Using in silico read-across approaches, researchers delineated sub-groups within the broader benzoic acid derivative category, further refined by metabolism and reactivity data to characterise the class boundaries. Pharmacological profiling, ToxCast, and transcriptomics confirmed the low bioactivity of benzoic acid analogues and identified compounds outside the defined class exhibiting distinct reactivity profiles.
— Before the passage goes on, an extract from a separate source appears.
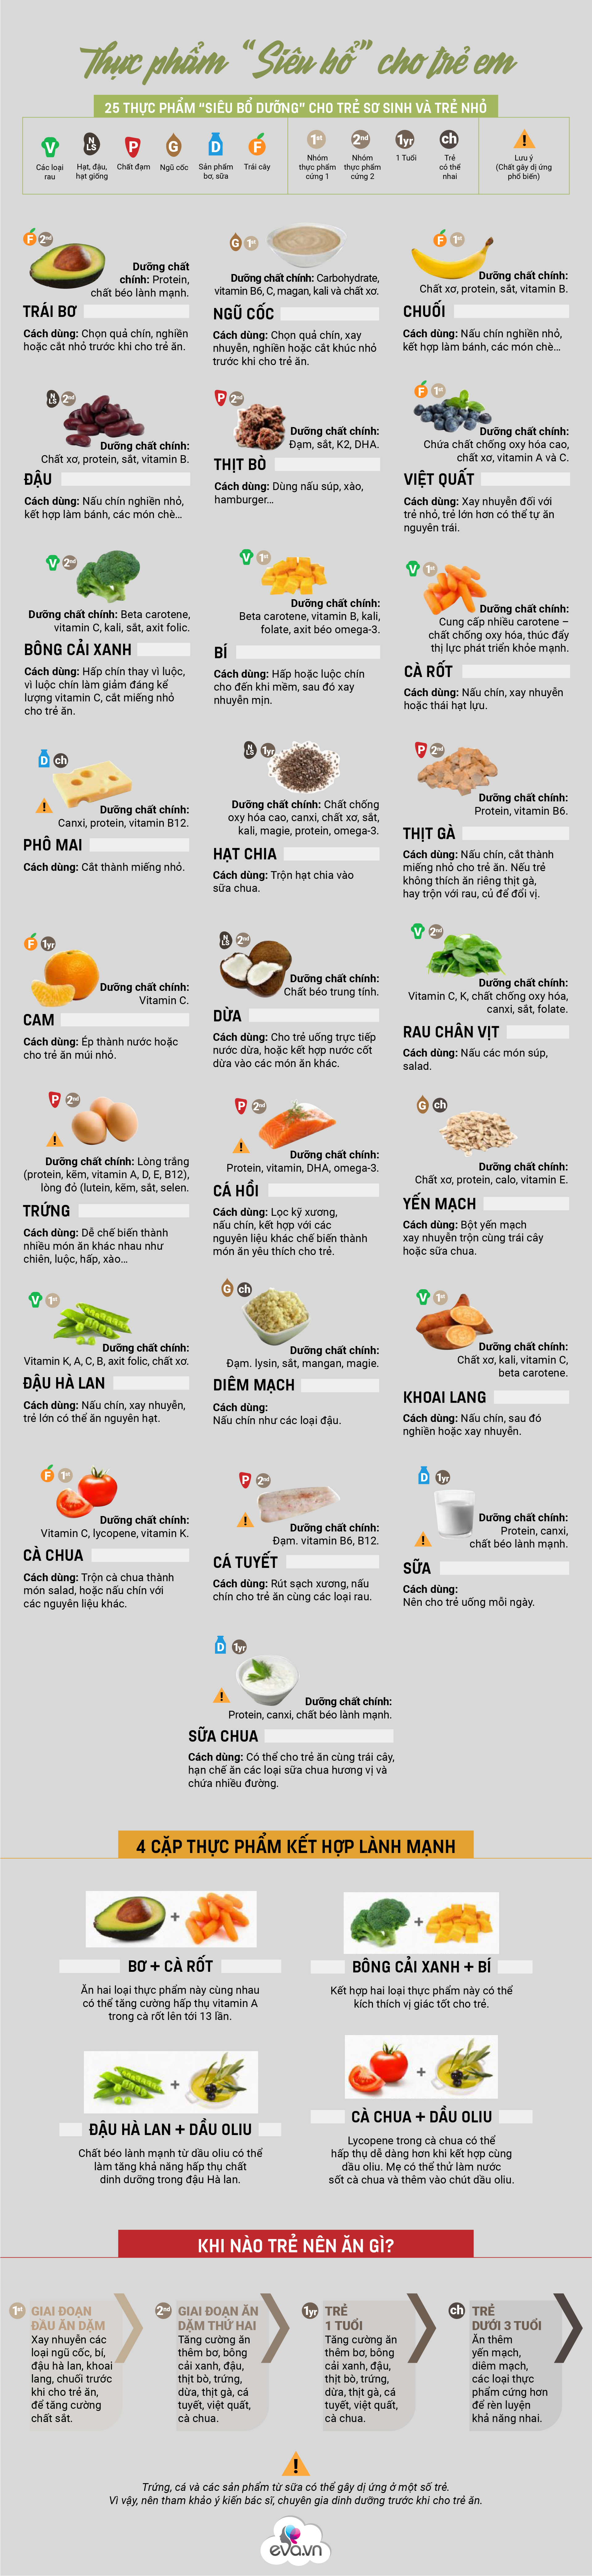 Infographic: Bảng tổng hợp top 25 thực phẩm siêu bổ giàu chất cho trẻ, cứ ăn là khỏe mạnh thông minh - 2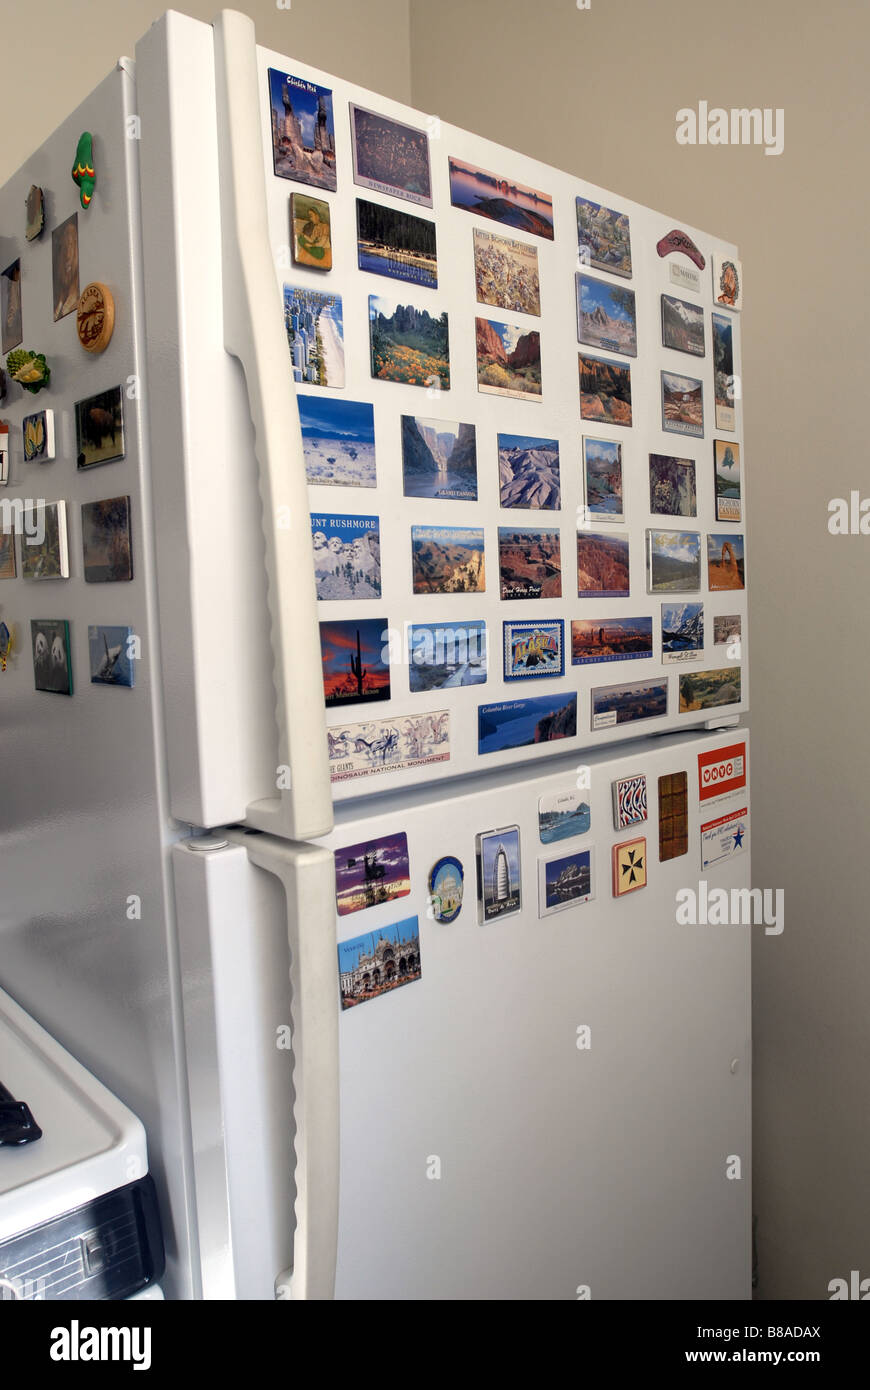 Magneti del frigorifero immagini e fotografie stock ad alta risoluzione -  Alamy

This case study illustrates a structured approach combining in silico, mechanistic, and toxicological data to define POD for chemical classes of low systemic toxicity.
Read the publication in the NAM Journal
One major limitation of conventional brain organoids is their lack of vascular structures. This deficiency restricts organoid size, contributes to necrotic core formation, and hampers their functional maturation.
In a recent review, researchers explored how vascularization enhances the structural and physiological relevance of brain organoids and its growing significance in disease modelling and therapeutic screening. Examining current methodologies for engineering vascularized brain organoids (vBOs), the researchers also discussed current limitations, highlighted innovative approaches, including the use of next-generation biomaterials and dynamic perfusion technologies, and new opportunities for neuroscience research, drug development, and regenerative medicine.
Read the publication in Cell Proliferation
Retinal organoids are widely used to model human retinal development and disease, but their utility is limited by the absence of vascular networks and stable axonal projections, which contribute to retinal ganglion cell degeneration and loss of function. To address these challenges, researchers incorporated stem cell-derived endothelial cells to induce transient vascular-like networks and used microfluidic devices to stabilize axonal growth.
The resulting organoids showed reduced hypoxia, increased size, and decreased apoptosis, indicating improved long-term survival and maturation of retinal ganglion cells. Integration with microfluidic-microelectrode arrays enabled stable recordings of spontaneous and optogenetically evoked activity, which persisted beyond the time when control organoids lost function.
Read the publication in Cell Stem Cell
A major obstacle to identifying effective therapies for the aggressive brain tumor glioblastoma is the lack of human-specific, immunocompetent models that reflect the human tumor microenvironment. To address this, researchers from the University of California (UCLA) developed the immune-human organoid tumor transplantation (iHOTT) model, an autologous co-culture platform that integrates patient-derived tumor cells and matched peripheral blood mononuclear cells within human cortical organoids.
This platform preserves tumor and immune populations, immune signaling, and cell-cell interactions observed in patient tumors. Treatment of iHOTT with pembrolizumab, a checkpoint inhibitor, mirrors cell-type shifts and cell-cell interactions observed in patients. Their findings establish iHOTT as a physiologically relevant platform for exploring autologous tumor-immune interactions and underscore the need for antigen-targeted strategies to enhance immunotherapy in glioblastoma.